Your Worship, I have elected to conduct my own defence. Some time during the progress of these proceedings, I hope to be able to indicate that this case is a trial of the aspirations of the African people, and because of that I thought it proper to conduct my own defence.
I have an application to address to Your Worship. At the outset, I want to make it perfectly clear that the remarks I am going to make are not addressed to Your Worship in his personal capacity, nor are they intended to reflect upon the integrity of the Court.
The point I wish to raise in my argument is based not on personal considerations, but on important questions that go beyond the scope of this present trial. I might also mention that in the course of this application I am frequently going to refer to the White man and the White people. I want at once to make it clear that I am no racialist, and I detest racialism, because I regard it as a barbaric thing, whether it comes from a Black man or from a White man. The terminology that I am going to employ will be compelled on me by the nature of the application I am making.
I want to apply for Your Worship’s recusal from this case. I challenge the right of this Court to hear my case on two grounds.
Firstly, I challenge it because I fear that I will not be given a fair and proper trial. Secondly, I consider myself neither legally nor morally bound to obey laws made by a Parliament in which I have no representation.
In a political trial such as this one, which involves a clash of the aspirations of the African people and those of Whites, the country’s courts, as presently constituted, cannot be impartial and fair.

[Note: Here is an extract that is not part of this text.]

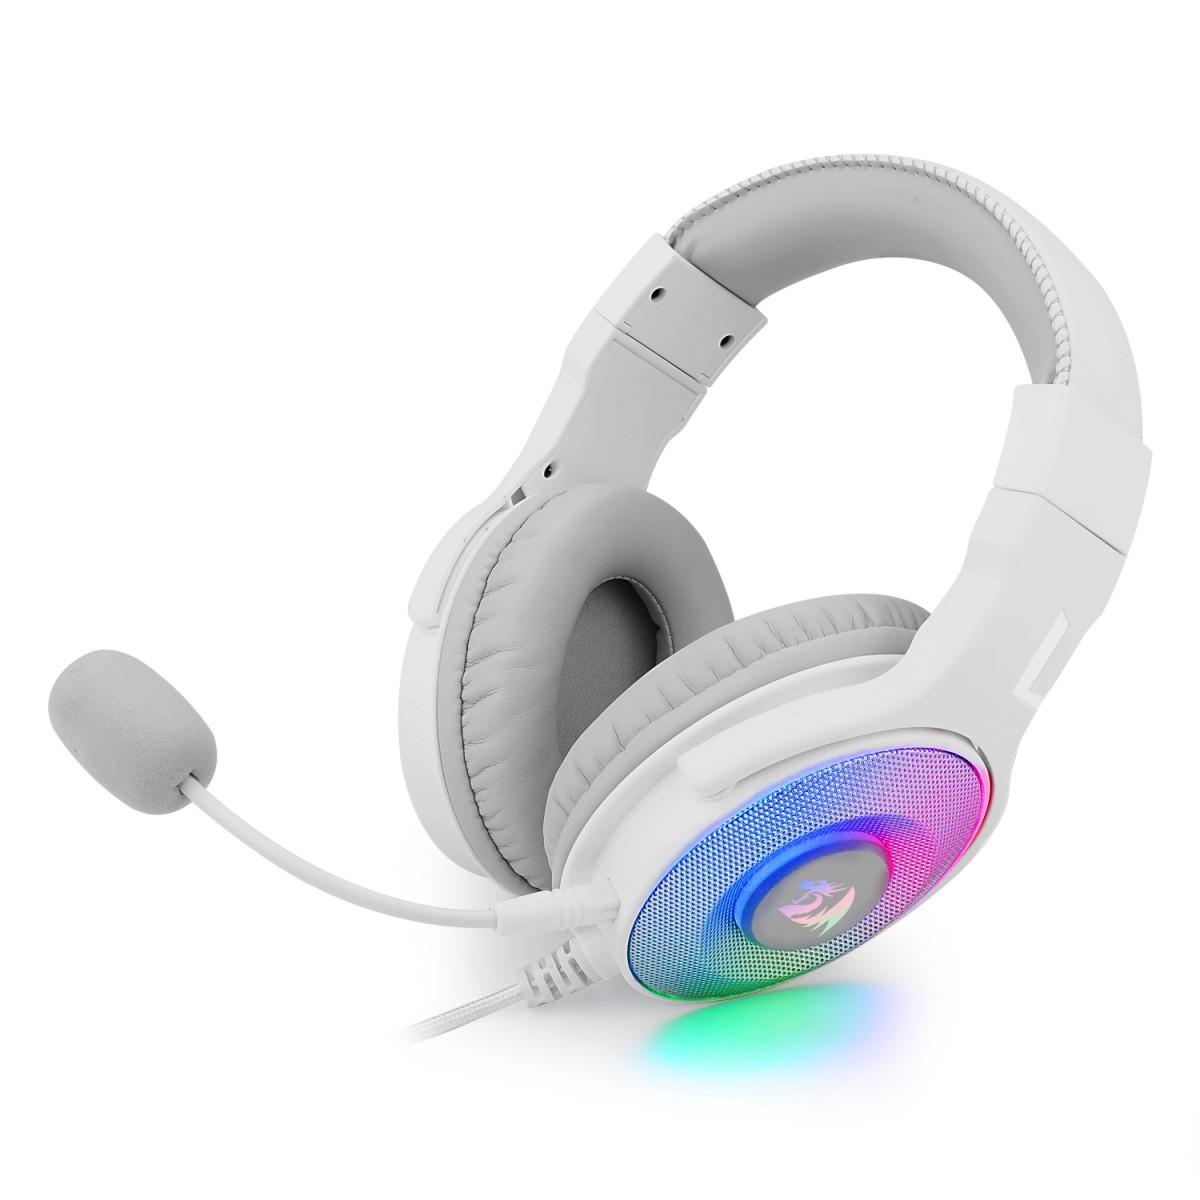 Headset Gamer Redragon, Pandora 2 White, RGB, USB + 3.5mm, Microfone Destacável, H350W-RGB-1

In such cases, Whites are interested parties. To have a White judicial officer presiding, however high his esteem, and however strong his sense of fairness and justice, is to make Whites judges in their own case.
It is improper and against the elementary principles of justice to entrust Whites with cases involving the denial by them of basic human rights to the African people.
What sort of justice is this that enables the aggrieved to sit in judgement over those against whom they have laid a charge?
A judiciary controlled entirely by Whites and enforcing laws enacted by a White Parliament in which Africans have no representation – laws which in most cases are passed in the face of unanimous opposition from Africans—
Here the Magistrate interrupted.
*
The Universal Declaration of Human Rights provides that all men are equal before the law and are entitled, without any discrimination, to equal protection of the law.
In May 1951, Dr D. F. Malan, then Prime Minister, told the Union Parliament that this provision of the Declaration applied in this country. Similar statements have been made on numerous occasions in the past by prominent Whites in this country, including judges and magistrates.